The extrinsic pathway is responsible for elimination of cells during development, termination of immune responses, and for immunosurveillance. Extrinsic apoptosis is triggered from outside the cell and it is initiated by activation of tumor necrosis factor (TNF) receptor family of “cell death receptors”- such as the Fas receptor. Extrinsic apoptosis uses caspases 8 and 10 for initiation of apoptosis. Killer lymphocytes express Fas ligand (FasL) on their cell surface. A killer lymphocyte binds to target B cell via the Fas Death Receptor. FasL and Fas Death Receptor binding recruits FADD adaptor molecules (Fas-Associated protein with Death Domain) via binding between the receptor “death domain” and adaptor death domain. Pro-caspases aggregate by binding to the “death effector domain” of the adaptor forming the Death-Inducing Signaling Complex (DISC). Then, procaspases are cleaved and lead to apoptosis.
What is the Execution Phase of Apoptosis?
The execution phase of apoptosis is where the intrinsic and extrinsic pathways converge which leads to a caspase activation. Caspases are a family of cysteine proteases that are the primary effectors of apoptosis that proteolytically dismantle most cellular structures.
What is Necroptosis?
Necroptosis is a programmed form of necrosis, or inflammatory cell death.

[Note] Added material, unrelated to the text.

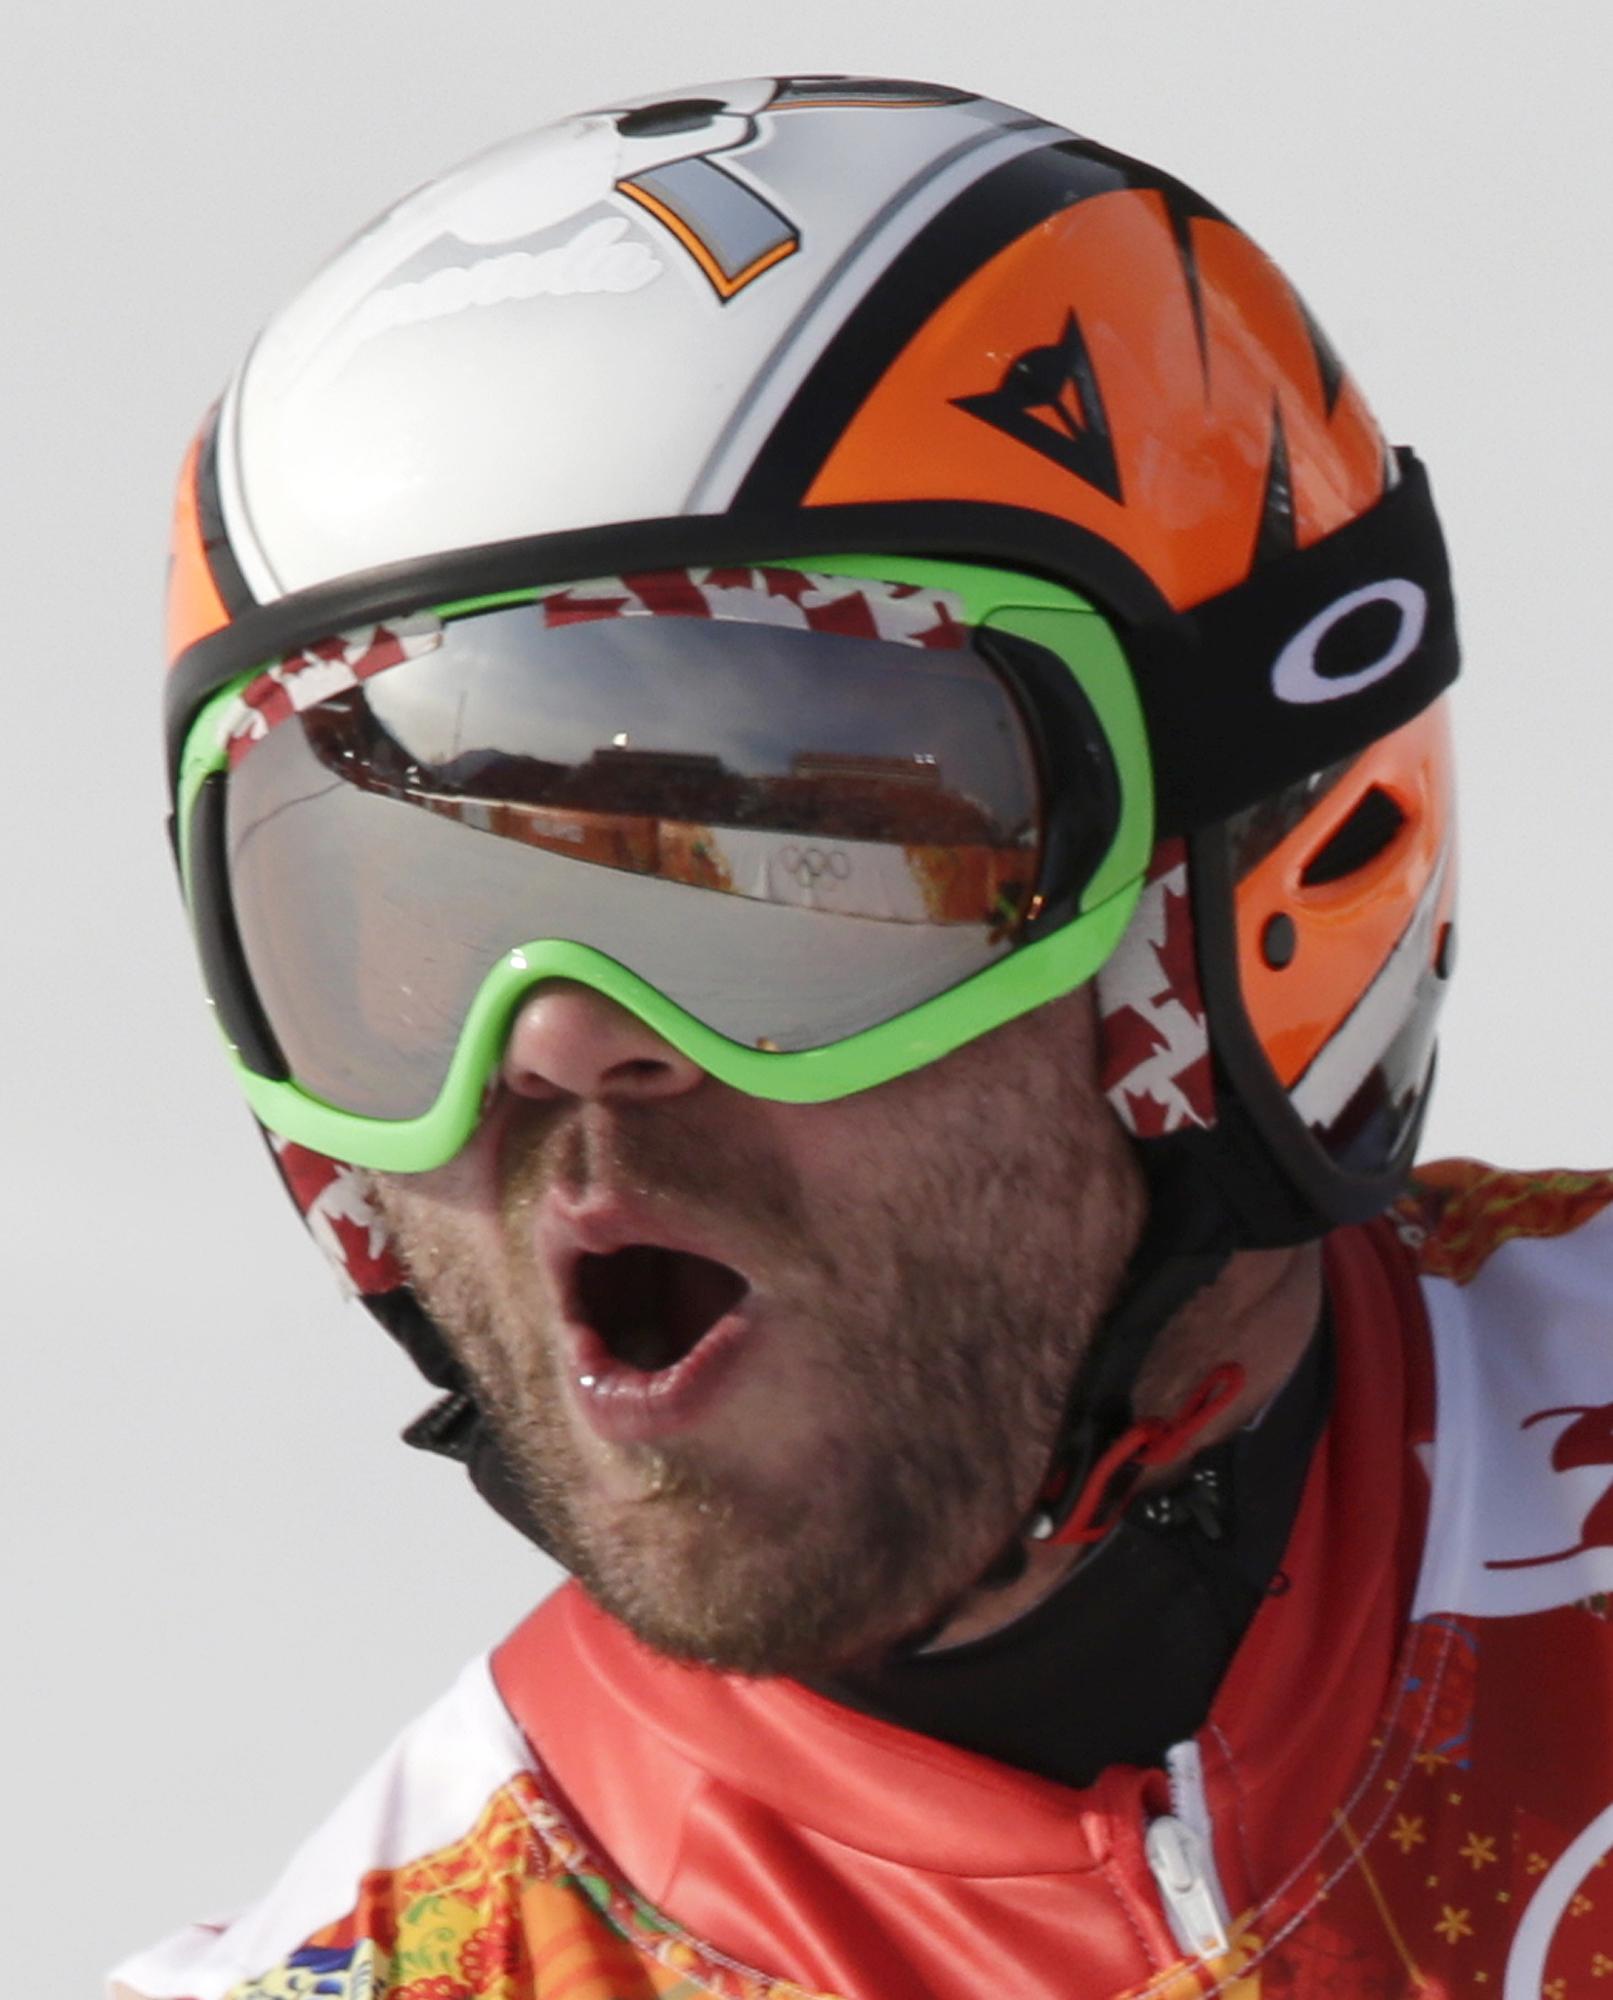 Canada's Jan Hudec celebrates after his run in the men's super-G at the Sochi 2014 Winter Olympics, Sunday, Feb. 16, 2014, in Krasnaya Polyana, Russia.(AP Photo/Gero Breloer)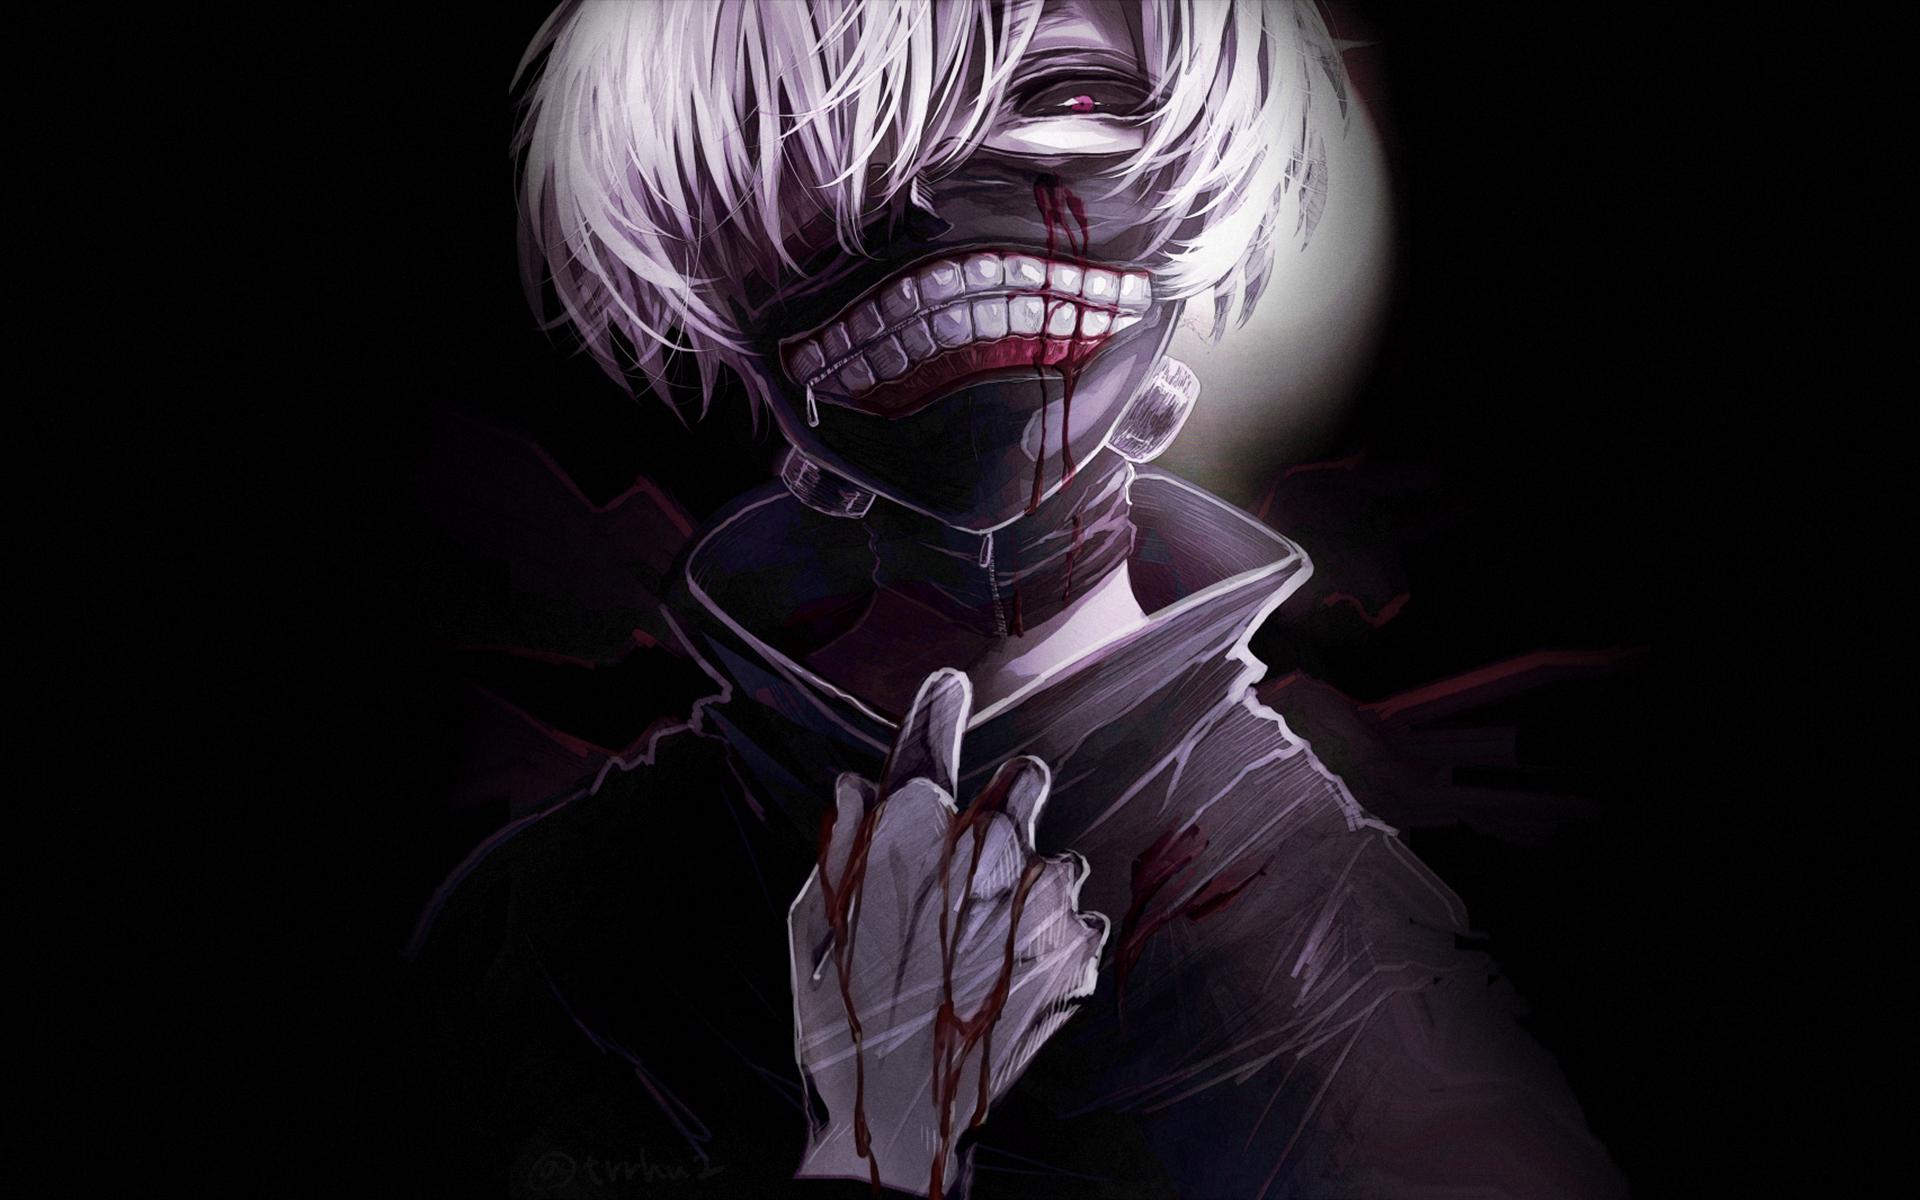 Tokyo Ghoul Bakgrundsbilder ID712825

Necrosis is cell death due to accident or acute injury and is not a controlled process.
What is Pyroptosis?
Pyroptosis is a highly inflammatory form of lytic programmed cell death that occurs most frequently upon infection with intracellular pathogens and is likely to form part of the antimicrobial response. In contrast to apoptosis and necrosis, pyroptosis requires the function of the enzyme caspase-1.